I have begun putting all SQL server metadata on my website. It lists all the information_schema views and the underlying code behind it.

sql documentor said...

This is going to be a free document generator check this sample http://www.sqldocumentor.com/sqlserverhtml/sql_server_index.html

Few more days for the release

David said...

Barry -

I'd guess "data dictionary" was coined at least in the UK in the mid-late 1960s.

By early 1970s in US the debate was over "active" vs "passive."

Keeping track of data structures (an SQL table is just another type of data structure, no different than a flat file) is just one of the many functions of a full blown data dictionary.

There are hundreds of data structure types, of which SQL is simply one.

The term "data dictionary" went out of fashion in the late 1980s & "metadata repository" was swapped into the same space.

The genre has essentially ceased to exist in the marketplace other than in handwaving PowerPoint presentations.

Anonymous said...

Regarding your comment that "you cannot put any extended properties" into a data dictionary when building it from the server, I think it's important to point out that on Microsoft SQL, this isn't entirely correct. In MS SQL 2000 and later, you can use sp_addExtendedProperty to add properties to a database. Once this data is in the database, accessing it to create a data dictionary is pretty simple.

Your first point is entirely correct, however - this data doesn't help you unless you already have the database. The other, unstated, advantage of using the database to create a data dictionary is in the situation of taking over a poorly documented database. While not all properties may be filled out, the use of a script-generated data dictionary may allow the DBA to quickly gather information about a database.

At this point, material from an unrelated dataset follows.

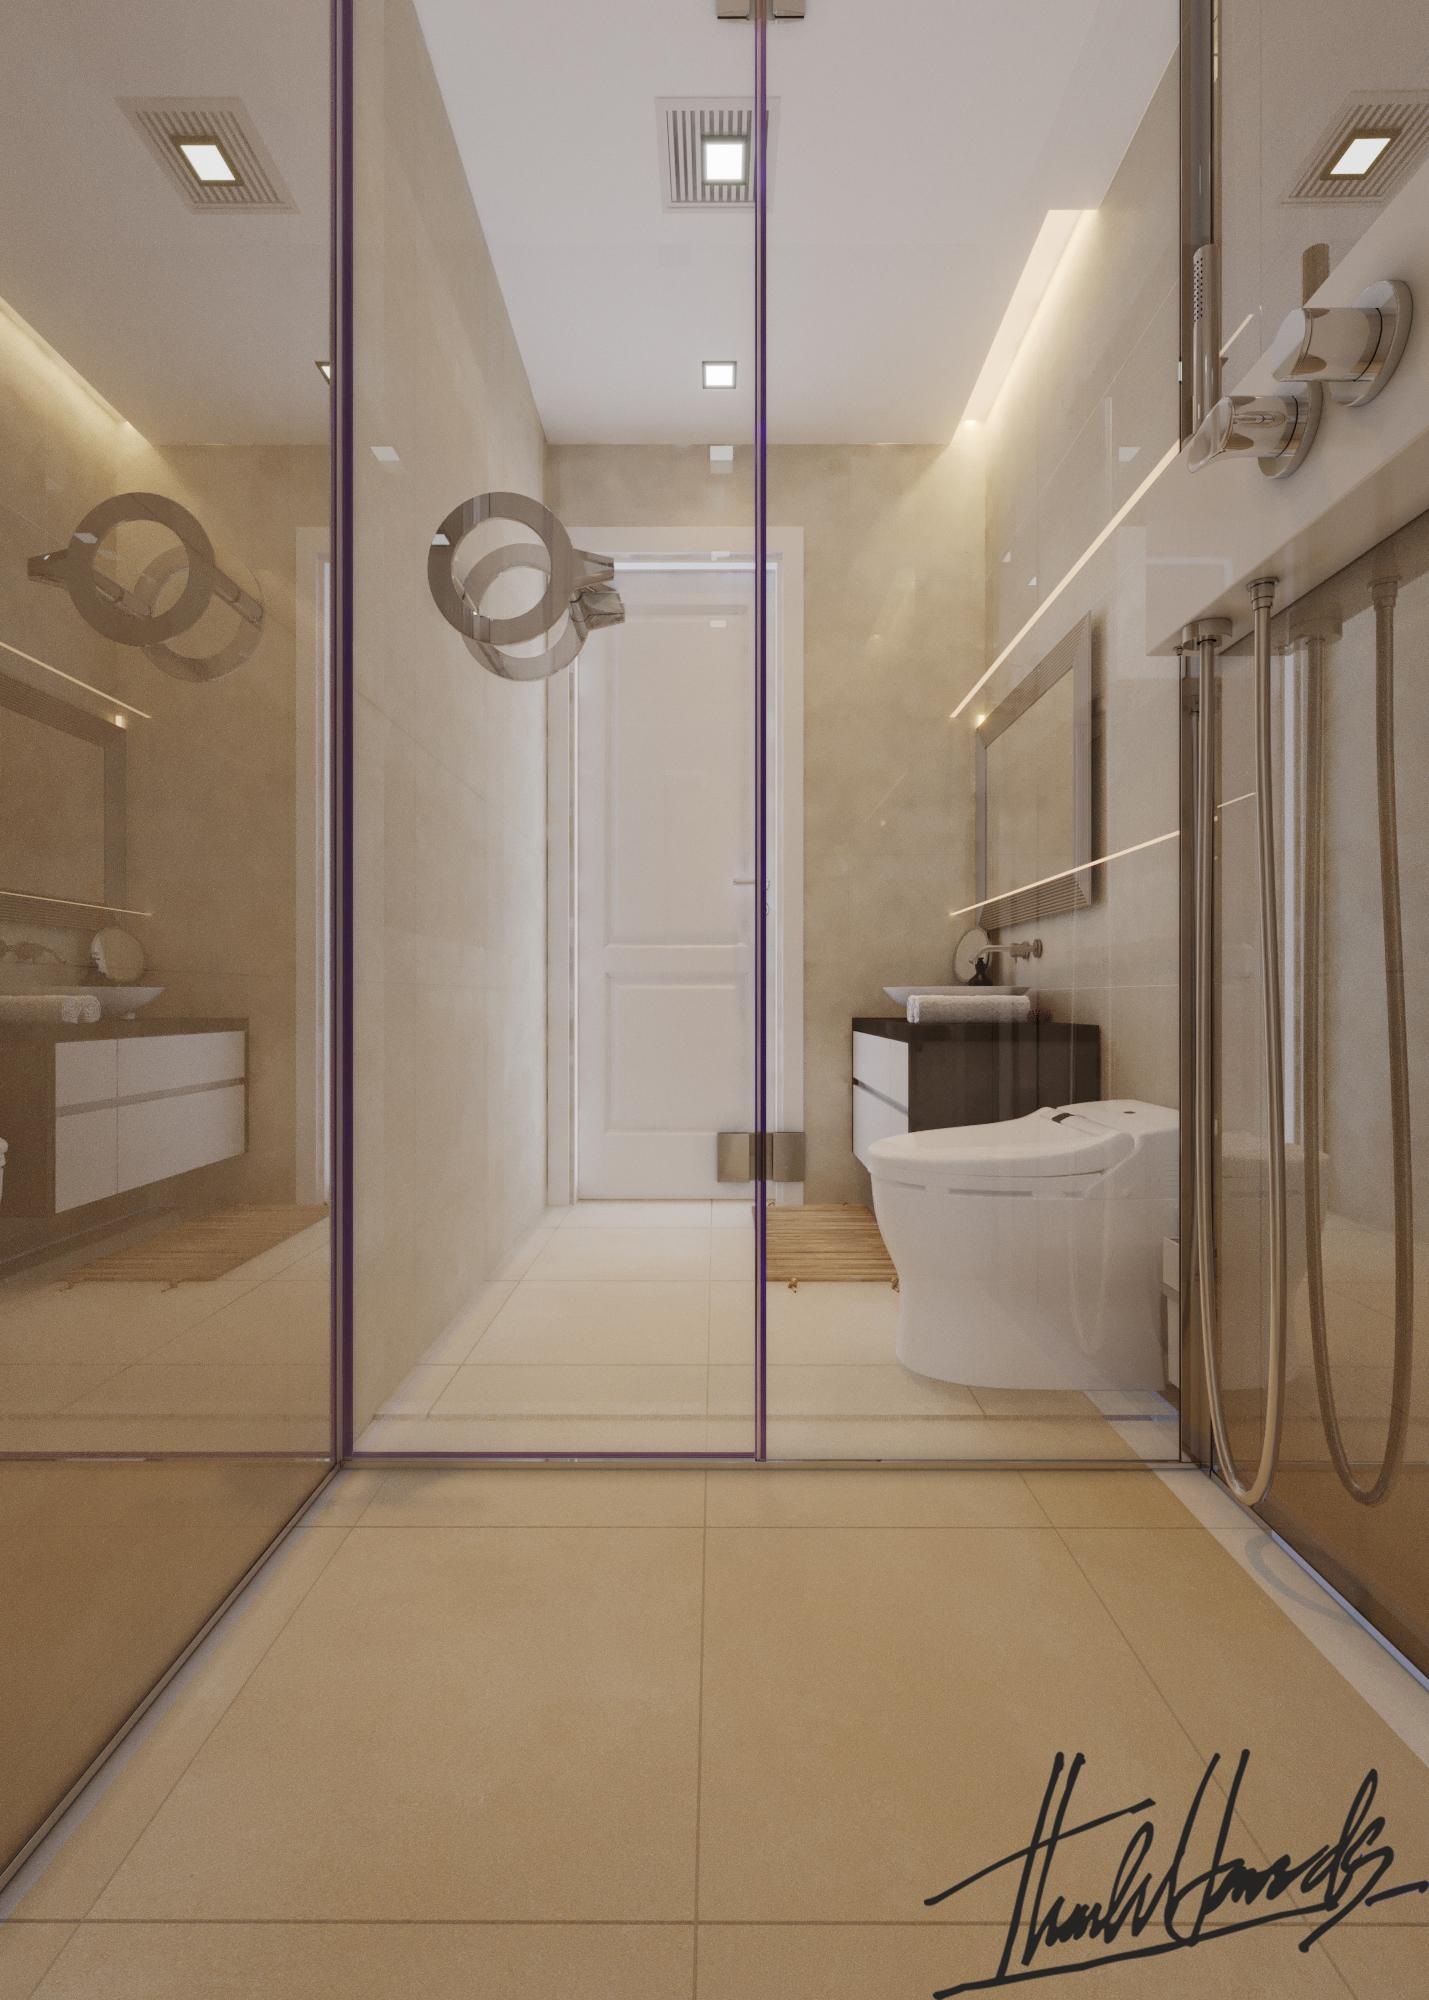 thiết kế nội thất Biệt Thự tại Hải Phòng Biệt thự Vinhomes - imperia ( khu VEN) 35 1568278792
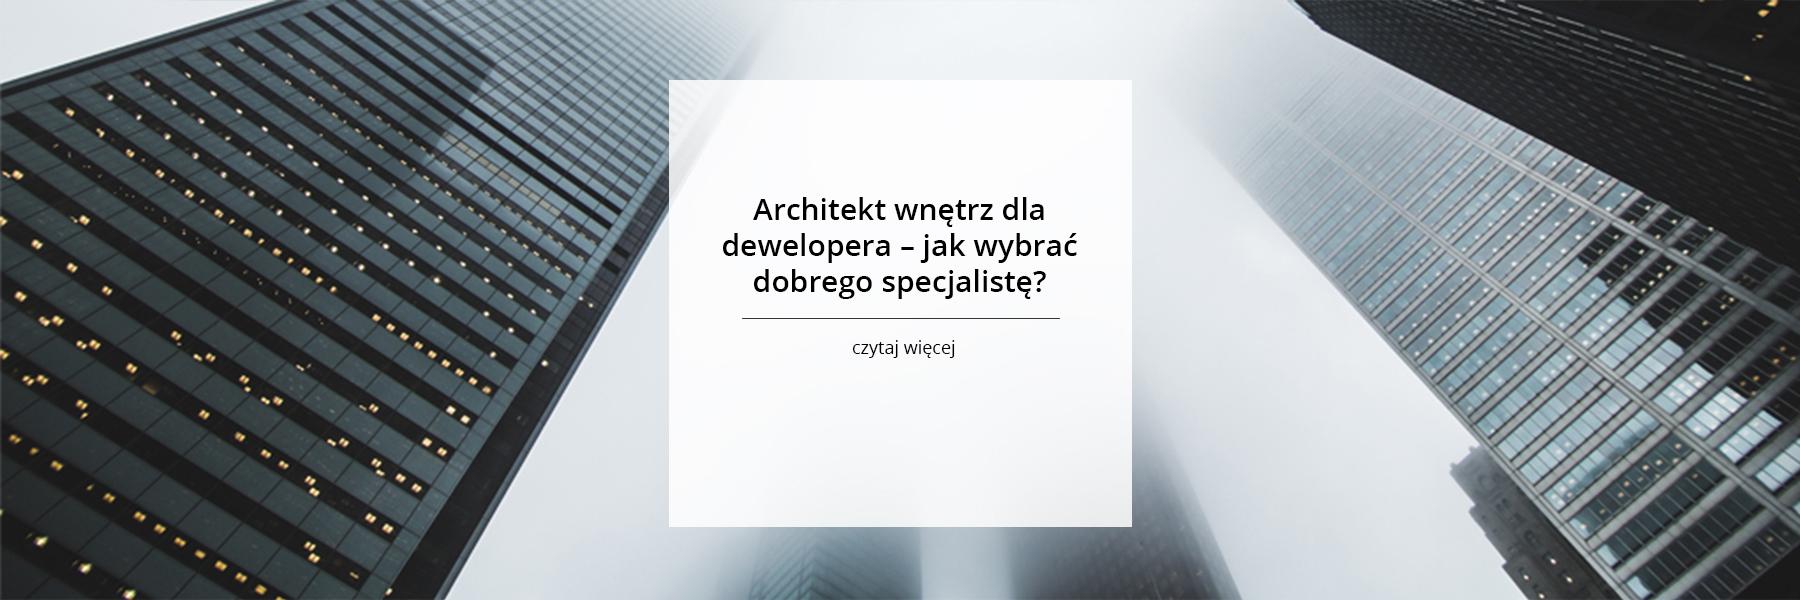 Architekt wnętrz dla dewelopera – jak wybrać dobrego specjalistę?

On SpaghettiThoughts.com, there is a script available that creates one additional table to store data dictionary information, as well as multiple stored procedures used to populate it. The script is specifically for Microsoft SQL servers, and can be seen and downloaded at http://spaghettithoughts.com/SQL/SQLCode.cfm?blogid=1009 .

Jay said...

Many dittos. Two quibbles:

You say that using the database engine as a data dictionary won't work because then the data dictionary can't exist until you create the database. True, but so what? I can create tables with SQL as easily as I can type up a data dictionary. I don't have to actually populate the database: I can just define the tables. I've done this on a number of projects.

Now when you point out that there are limits to what metadata you can specify -- that's a more telling point. Many DB engines give me no way to specify a description or domain information.

Also, I'm surprised by your statement that 9/10 of screens can be automatically generated from a dictionary. Perhaps you mean 9/10 of the plain vanilla "update a record" screens. Any app I've worked on, perhaps half the screens can be generated. The rest combine data from multiple tables or are otherwise complex.

(The app I'm working on these days has zero generated screens, probably because the original developers never heard of that idea. Nor had they heard of other new-fangled ideas, like normalized databases. But that's another story.)

Probal DasGupta said...

I still use a data dictionary as a knowledge base that is a super-set of all databases. It is a list of unique data items in the company, but a sub-set of what might be called a Business Terminology document for the company.

Steve Ginal said...

Check out dbmaster (dbmaster. It is a great tool what guys built to pull information schema from a database and you can any data dictionary fields for tables and columns and then quickly search and generate triggers, documentation in any format.

Steve Ginal said...

Correct url for the dbmaster is
http://branegy.com/dbmaster. You should check it out if you're working with data dictionary.

Tekk said...

We were using the term data dictionary back in about 1982 - when developing databases using SSADM - which started up in about 1980... So I think the term was coined well before 1988

John Maxx said...

im just amateur about this.. where could i find data dictionary? is it on a xampp that i created a databaser?